1. Formulation: Markov Games

There are various formulations for multi-agent RL. In this blog post, we will focus on Markov Games (MG; Shapley 1953, Littman 1994), a generalization of the widely-used Markov Decision Process (MDP) framework into the case of multiple agents. We remark that there exist various other frameworks for modeling multi-agent sequential decision making, such as extensive-form games, which can be considered as Markov games with special (tree-like) structures in transition dynamics; when combined with imperfect information, this formulation is more suitable for modeling games such as Poker.

Roughly speaking, a Markov Game has the same (state, action) -> (reward, next state) structure as in an MDP, except that now “action” is replaced by the joint actions of all players, and “reward” is replaced by a collection of reward functions so that each player has her own reward. In words:

Markov Games with m players: (state, m actions) -> (m rewards, next state).

Formally, we consider a multi-player general-sum Markov game with $m$ players, which can be described as a tuple $\text{MG}(H, \mathcal{S}, \{\mathcal{A}_{i}\}_{i=1}^{m}, \mathbb{P},\{r_{i}\}_{i=1}^{m})$, where

$H$ is the horizon length,
$\mathcal{S}$ is the state space with $\vert \mathcal{S}\vert=S$.
$\mathcal{A}_i$ is the action space for the $i$-th player with $\vert\mathcal{A}_i\vert=A_i$. All players act simultaneously; we use $\ba=(a_1,\dots,a_m)\in \prod_{i=1}^m \mathcal{A}_i$ to denote a joint action,
$\mathbb{P}=\{\mathbb{P}_h\}$ is the collection of transition probabilities, where $\mathbb{P}_h(s_{h+1} \vert s_h, \ba_h)$ is the probability of transiting to the next state $s_{h+1}$, given state-action pair $(s_h, \ba_h)$ at step $h$,
$r_i=\{r_{i,h}\}$ is the reward function for the $i$-th player.
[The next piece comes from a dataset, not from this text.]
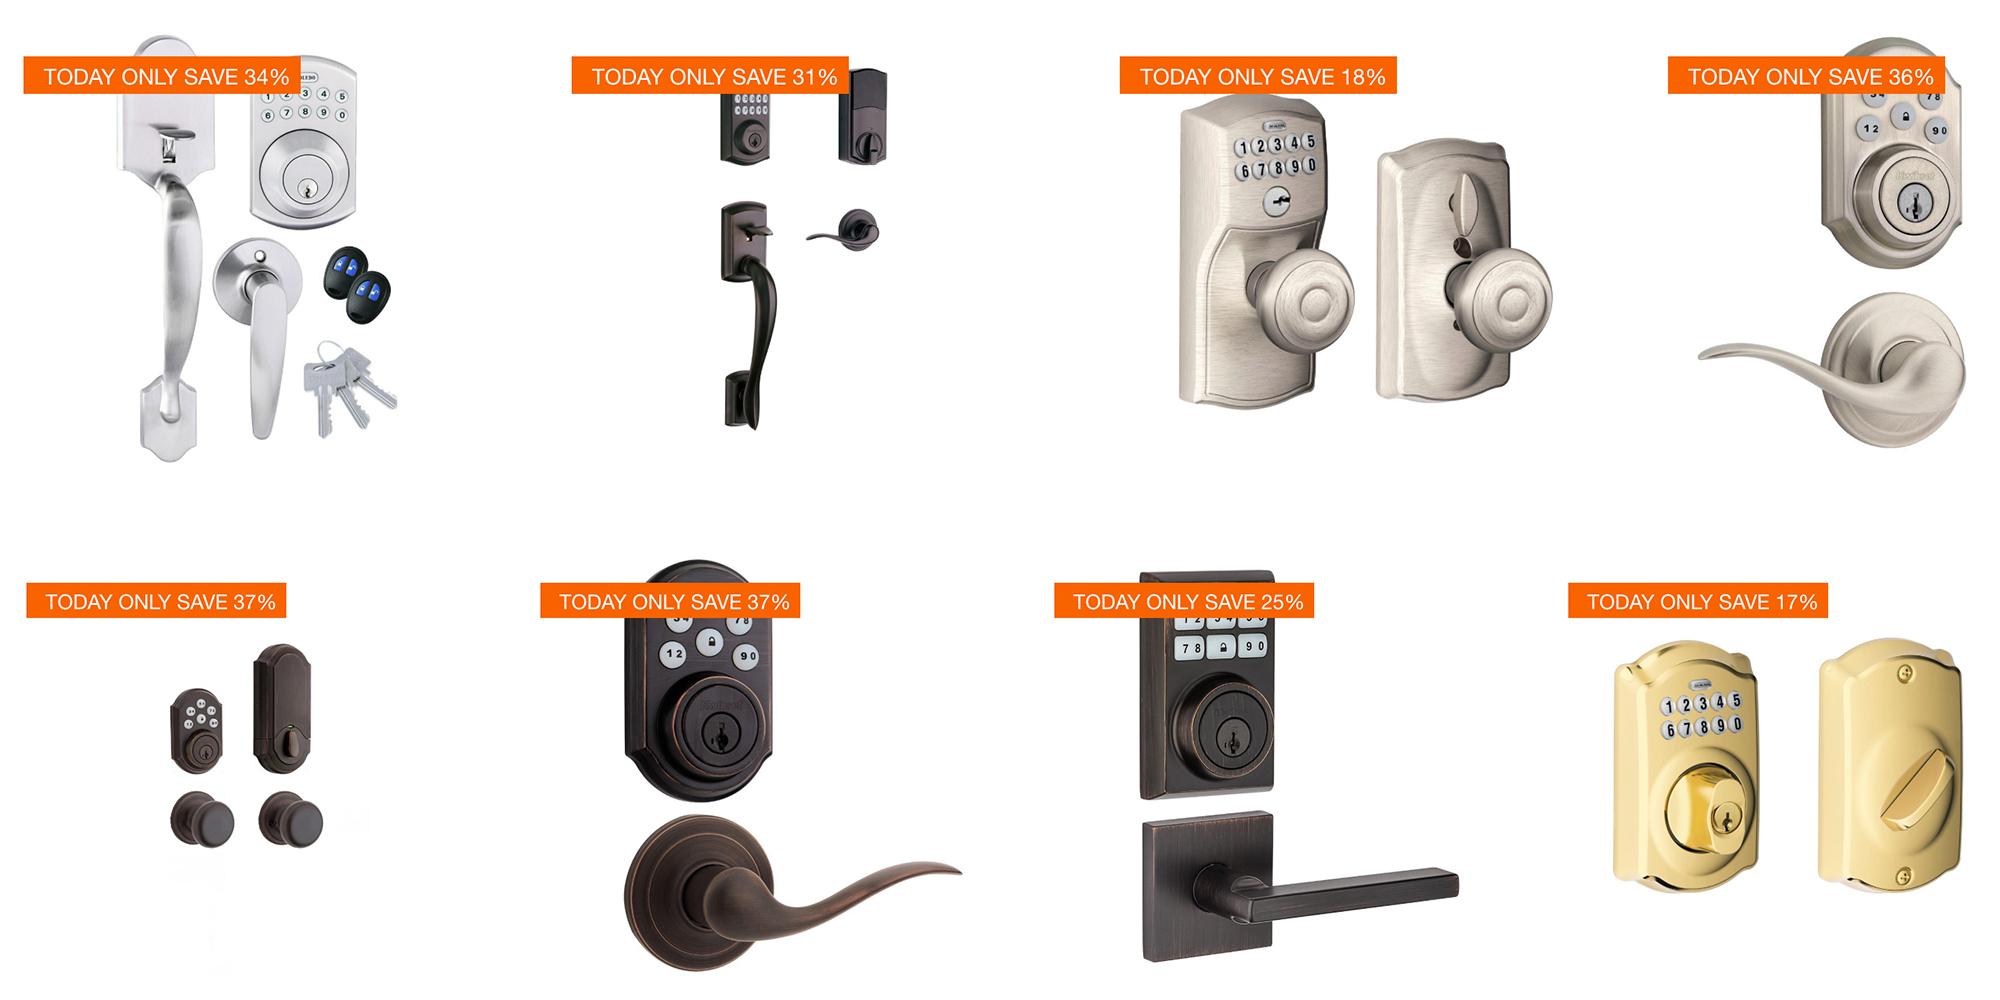 Home Depot's smart lock sale has deals from $74: Kwikset, Schlage, more

At step $h$, the $i$-th player will experience reward $r_{i,h}(s_h, \ba_h)\in[0, 1]$. For simplicity of presentation, we assume the reward is deterministic.

A trajectory of an MG looks like this: [ s_1, (a_{1, 1}, \dots, a_{m, 1}), (r_{1,1},\dots, r_{m, 1}), s_2, \dots, s_H, (a_{1, H}, \dots, a_{m, H}), (r_{1,H}, \dots, r_{m,H}). ] Finally, a (Markov) policy for the $i$-th player is denoted by $\pi_i=\{\pi_{i,h}\}_{h=1}^H$, where $\pi_{i,h}(a_{i,h}\vert s_h)$ is the probability of taking action $a_{i,h}$ at step $h$ and state $s_h$. We use $V_{i,h}^{\pi}(s_h)$ and $Q_{i,h}^{\pi}(s_h, \ba_h)$ to denote the value and Q-value functions for player $i$ at step $h$, when joint policy $\pi$ is used. (This can either be a product policy $\pi=(\pi_1,\dots,\pi_m)$ which can be executed independently, or a correlated policy which samples the joint action $\ba_h$ for all the players together in a potentially correlated fashion.) We assume the initial state $s_1$ is deterministic, so that $V_{i,1}^{\pi} := V_{i,1}^\pi(s_1)$ is the overall return for the $i$-th player.

1.1 Special case: Zero-sum games

An important special case of Markov games is zero-sum (competitive) MGs:

A zero-sum Markov Game is a Markov Game with $m=2$, and $r_1\equiv -r_2$.

As each player wishes to maximize her own reward, in a zero-sum MG, the two players are in a purely competitive relationship. We thus define the overall value in a zero-sum MG to be player 1’s value function: $V_h:=V_{1,h}$. We call player 1 the max player and player 2 the min player.

Zero-sum MGs model a number of real-world two-player strategic games, such as Go, Chess, Shogi, etc. From a mathematical perspective, zero-sum MGs is perhaps the most immediate extension of a single-agent MDP—solving it can be thought of as a certain min-max optimization, akin to how solving a single-agent MDP is a certain maximization problem.

2. Nash equilibrium

In an MDP, the learning goal for an agent is to maximize her own cumulative reward. In an MG, this is still the learning goal for each individual agent, but we have to additionally decide on some notion of equilibrium to combine these individual optimality conditions.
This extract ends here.